Forget about your wine list. What wines are you most excited about right now? And why?
I am pretty interested in the wines coming out of certain parts of Eastern Europe. I just tried some really well-made wines from Croatia. There was also a Slovenian winemaker in town the other day who showed me a killer Merlot.
Who is the most famous person you’ve ever served — and what did they order?
Hoda and Kathie Lee are regular lunch partrons at the wine bar; we’re right across from the NBC studios.
What do you like to drink?
I am a big fan of Riesling, from all parts of the winemaking world but especially Germany. A friend of mine commented recently that among the 500 or so bottles I have at home, almost none are Riesling. I told her that’s because I drank them all.
Do you enjoy beer?
I love beer; I am thrilled with the craft beer movement and how many Americans are embracing the concept of beer with flavor. We recently put several on at the wine bar and they’re very popular.
One thing I love about my job is the range of wines. Many restaurant buyers are focused on just one area of the world; I get to play in every part of the world where vines are grown; we just put two Greek wines by the glass and I’m looking at some Croatian wines next week. I also love buying for both a retail store and a wine bar; they’re really two different jobs; each with its positives and negatives and they kind of balance each other out. Morrell also does auctions and wine storage so I get a glimpse of those parts of the wine business as well.

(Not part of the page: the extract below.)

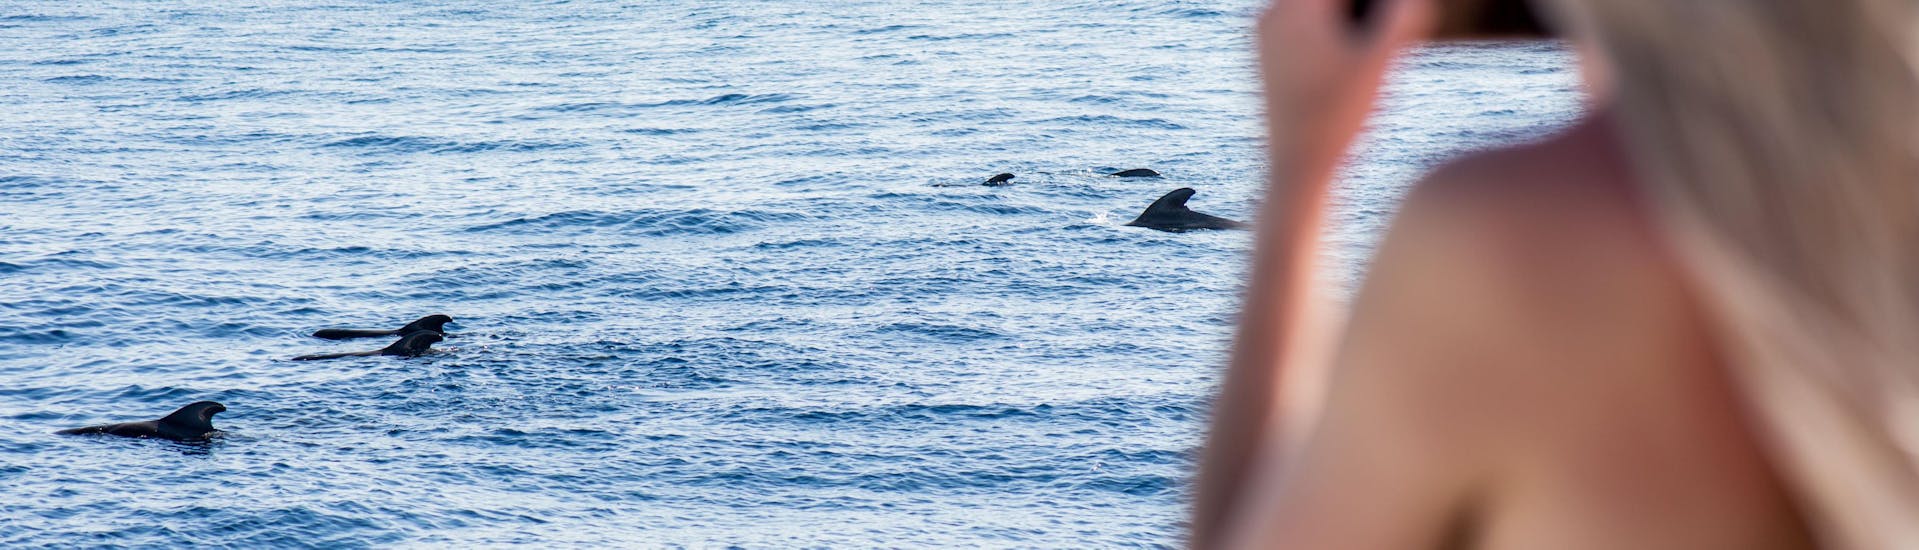 Paseo en barco avistamiento de delfines y ballenas en Costa Adeje.

What’s least rewarding about your job?
It’s very hard to keep everyone happy. Even with 100 wines by the glass, there’s always a customer who is disappointed that we don’t have this or that.That and all the state regulations around buying and selling wines; it’s like working in a police state.
If you weren’t a wine buyer, what would you be doing?
I’d be doing your job, a freelance wine journalist.